Chemical profile: Asia benzene

28 February 2014 09:52 Source:ICIS Chemical Business

Benzene is used to produce several intermediates, including styrene, phenol, maleic anhydride (MA), alkylbenzenes and chlorobenzenes. It is also used to make anthraquinone and hydroquinone, benzene sulfonic acid and other products in drugs, dyes, insecticides and plastics.

Spot supply cargoes from Asia were still abundant in Q4 2013, as the arbitrage window to the US was still closed. This was evident from the declines in export quantities from South Korea to the US at an average of 15,000 tonnes each. In addition, delayed shipments from Japan for August and September loading to October saturated the US market, curtailing the spot appetite for South Korean benzene in Q4 2013.

Besides tepid demand from the US, spot enquiries from China were muted from last December as Sinopec started to cut list prices. At the same time the US and Middle East arbitrage windows reopened.

The Asia-US price gap widened to more than $100/tonne, while hiccups at benzene plants in Saudi Arabia since December 2013 to date absorbed much southeast Asian and South Korean spot parcels. Consequently, the supply-demand conditions turned more balanced in last December into January 2014.

By the second half of January, overall spot demand in many Asian countries – which celebrated the Lunar New Year in end January – decreased, but more South Korean and Japanese lots were arranged to head to the US as the arbitrage window was still widely open. In January, close to 50,000 tonnes of South Korea origin and 24,000 tonnes of Japan lots have shipped to the US.

More quantities were fixed for February loading to the US, as Sinopec reduced the list prices further, shutting the Chinese import window firmly. More than 50,000 tonnes of South Korean cargoes and 36,000 tonnes of Japanese lots will move to the US.

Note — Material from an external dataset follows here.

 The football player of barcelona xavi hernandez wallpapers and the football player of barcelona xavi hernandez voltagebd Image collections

Persistent price declines in China was a result of the poor margins of benzene derivatives, while the demand from the key downstream styrene monomer (SM) was weakened as Chinese inventories hit 300,000 tonnes in mid-February, more than six times the traditional stock levels.

In late 2013, an Indonesian benzene unit that was idle for more than a year restarted. Nevertheless, glitches at this unit, together with opportunistic demand from the Middle East, eased the potential supply overhang in southeast Asia.

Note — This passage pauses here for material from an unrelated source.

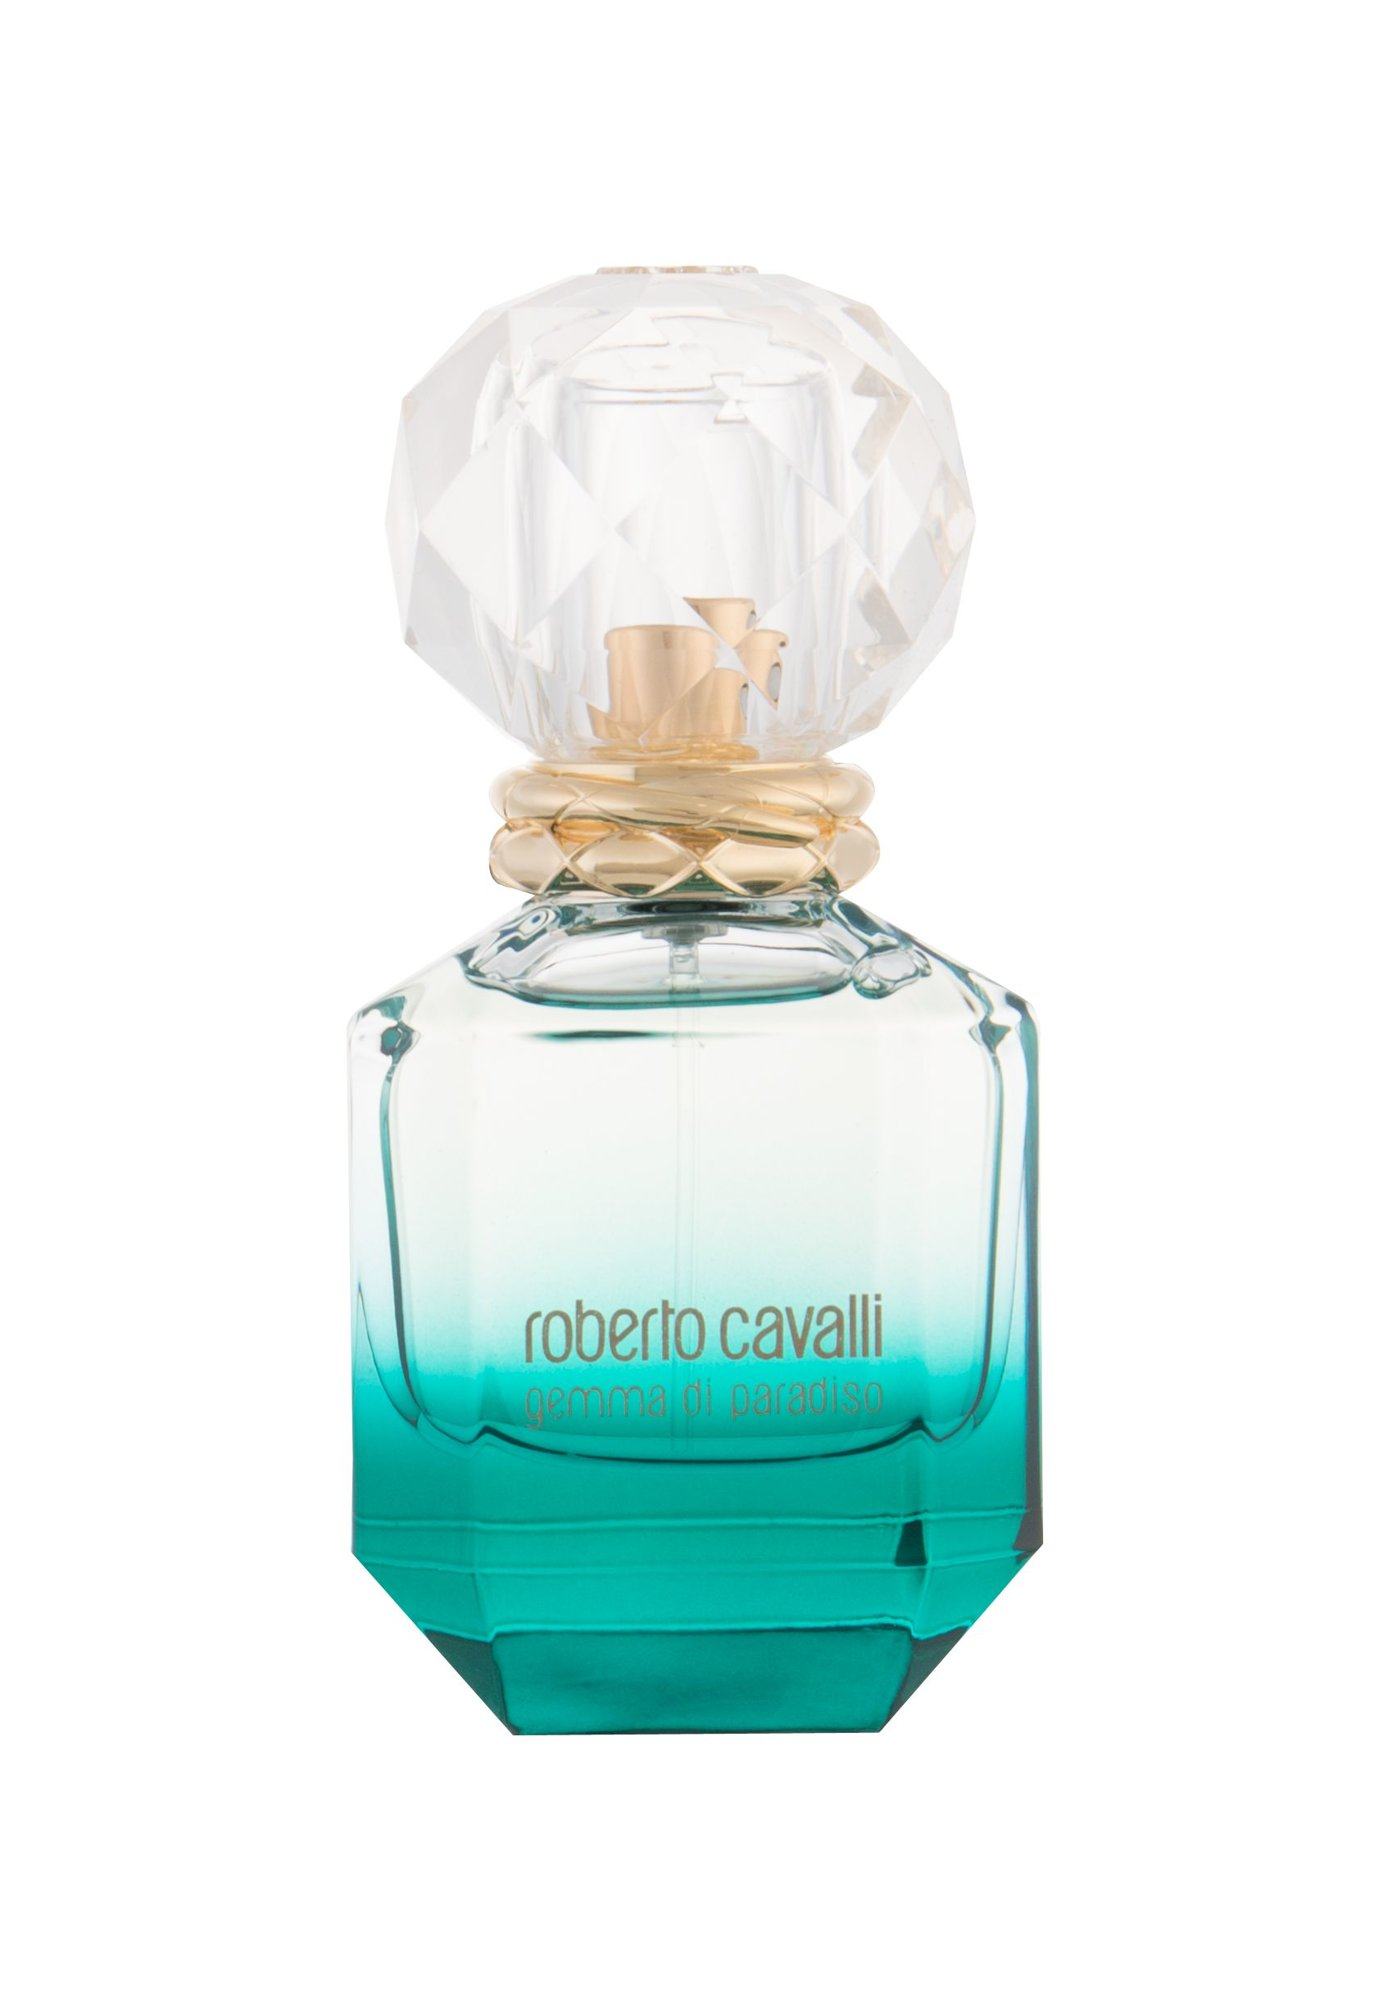 Roberto Cavalli Gemma di Paradiso Eau de Parfum 30ml

Some southeast Asia cargoes were sold to China in February as well. Traders reiterated that China is still a viable export destination, but margins are squeezed.

Spot prices were hovering at $1,210-1,250/tonne FOB Korea in October 2013. Entering November-December 2013, prices were on an uptrend, tracking the US and European price rally amid tighter spot Asia availability as Asia parcels exited the region to the US and Middle East. By mid-January, spot prices hit a 10-month high at around $1,370/tonne FOB Korea.

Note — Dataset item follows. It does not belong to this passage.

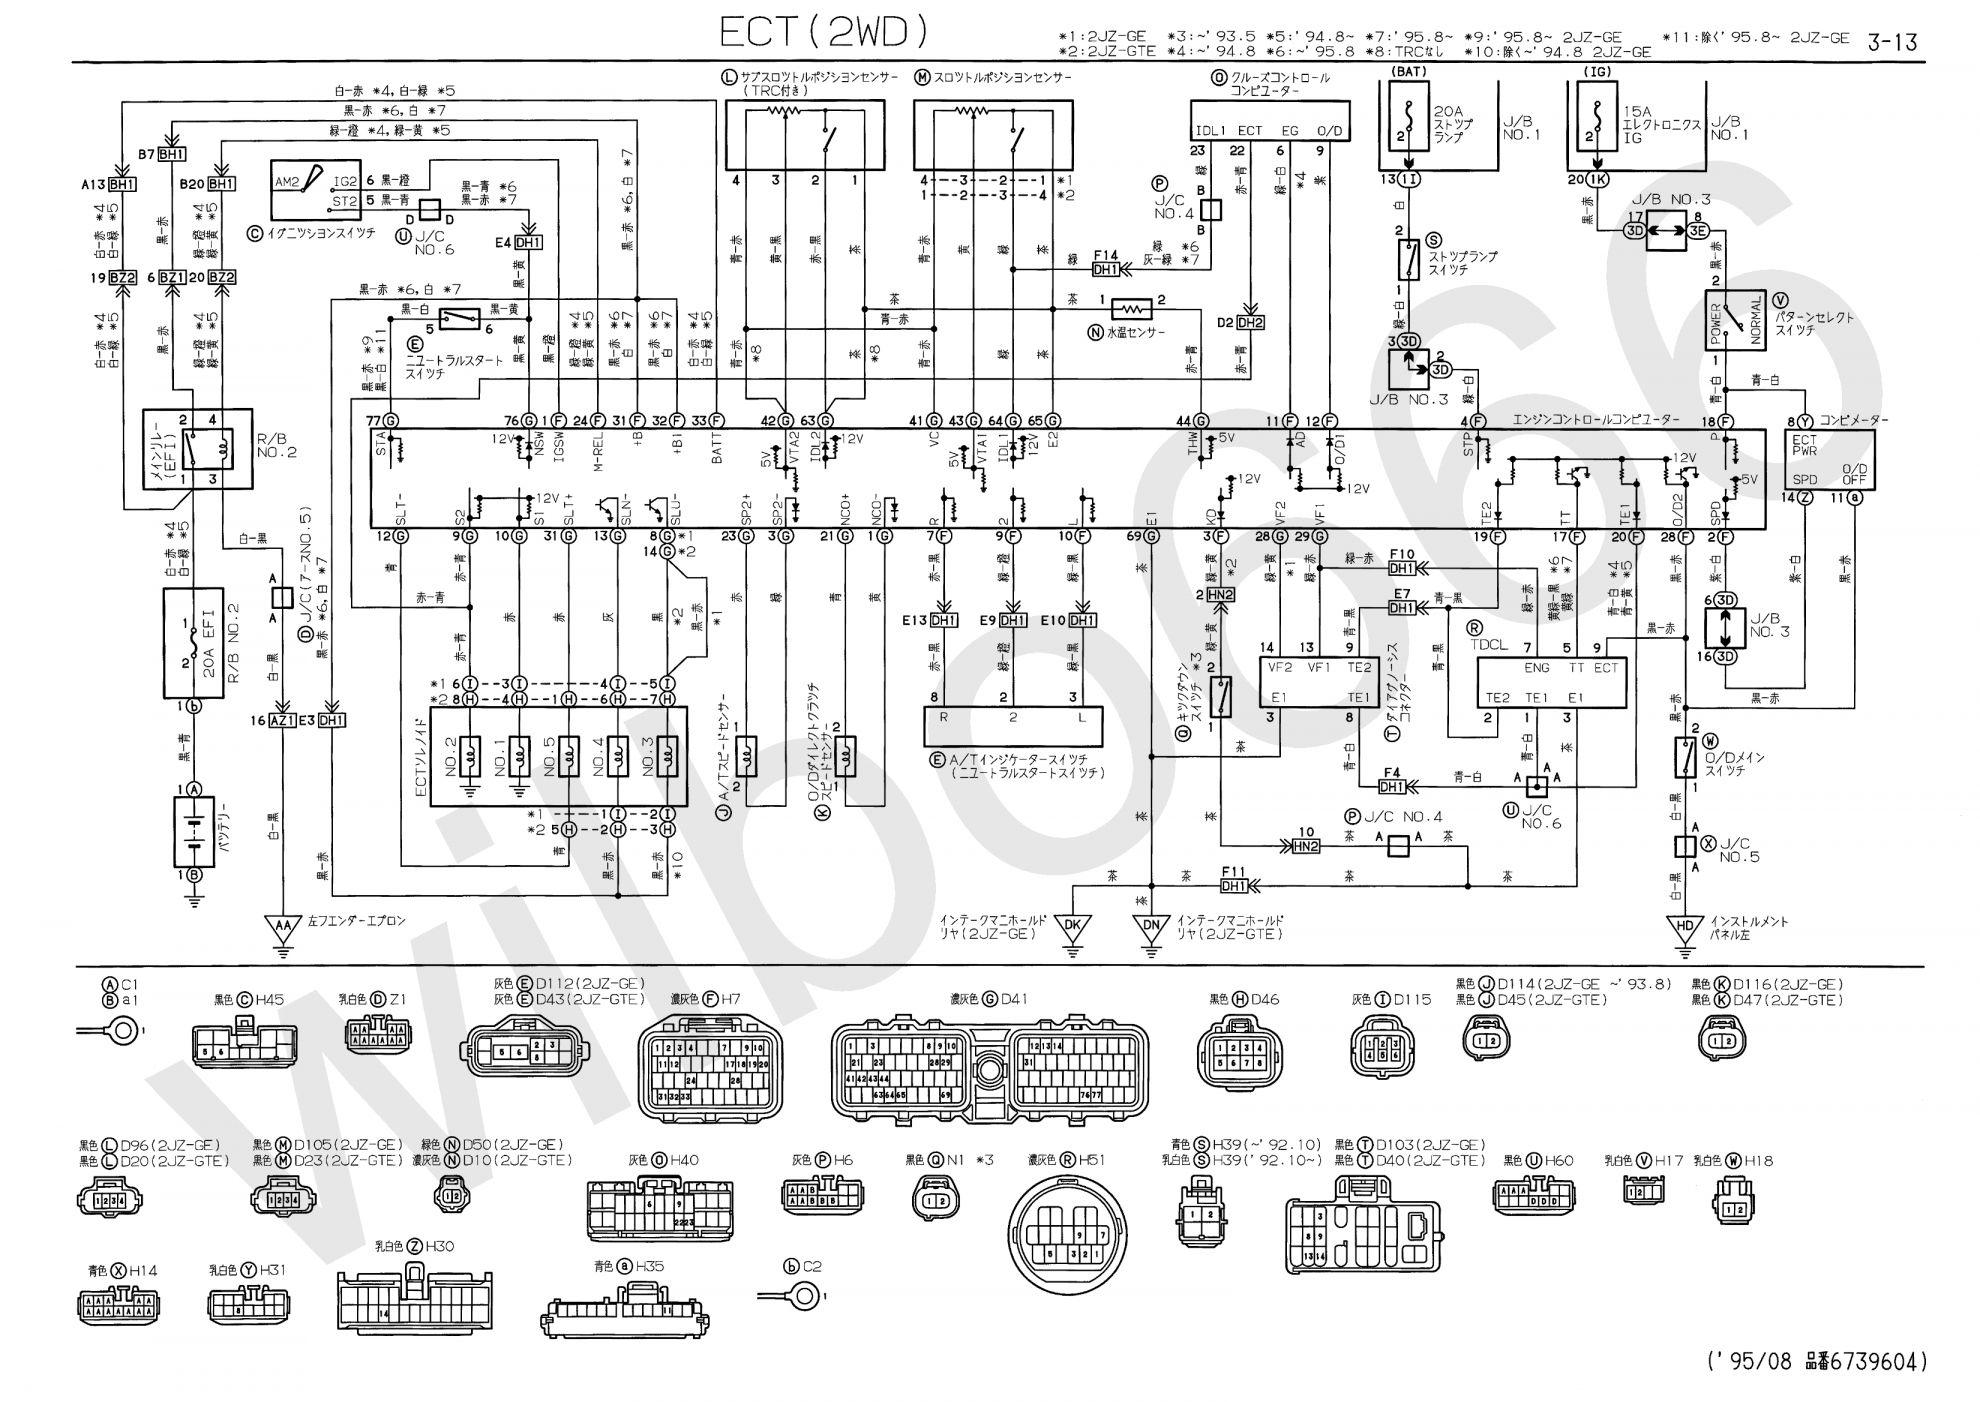 12 2jzgte Engine Wiring Diagram Engine Diagram Wiringg Net Electrical Wiring Diagram Electrical Diagram Diagram

Spot prices slipped in the second-half of January on the Lunar New Year period. Prices then recovered in February in the first-half buoyed by higher US numbers, but persistent price declines in SM, coupled with news of Sinopec planning to cut prices by the end of February, weighed on benzene.

Benzene can be produced from pyrolysis gasoline (pygas) in the steam cracking of naphtha, gasoil or condensates to make olefins. Another source is the selective disproportionation of toluene (TDP) where benzene is co-produced in a paraxylene (PX)-rich xylenes stream. A third, albeit high cost, route is the hydrodealkylation (HDA) of toluene. In Asia, HDA plants are mostly not running this year because of expensive hydrogen feedstock and the supply glut in benzene.

In the short term up to early March, spot prices are unlikely to plunge because of the support from the US during monthly contract negotiation period and shipment delays from Asia to the US from end February to early March, boosting the prompt demand in the US. Also, a recovery seen in the downstream phenol market will lend support to prices. However, phenol and SM turnarounds in Asia in Q2 will reduce the spot appetite for benzene lots. Prices in Asia will only continue to be supported if sellers are able to find outlets outside of Asia, since China demand will remain muted.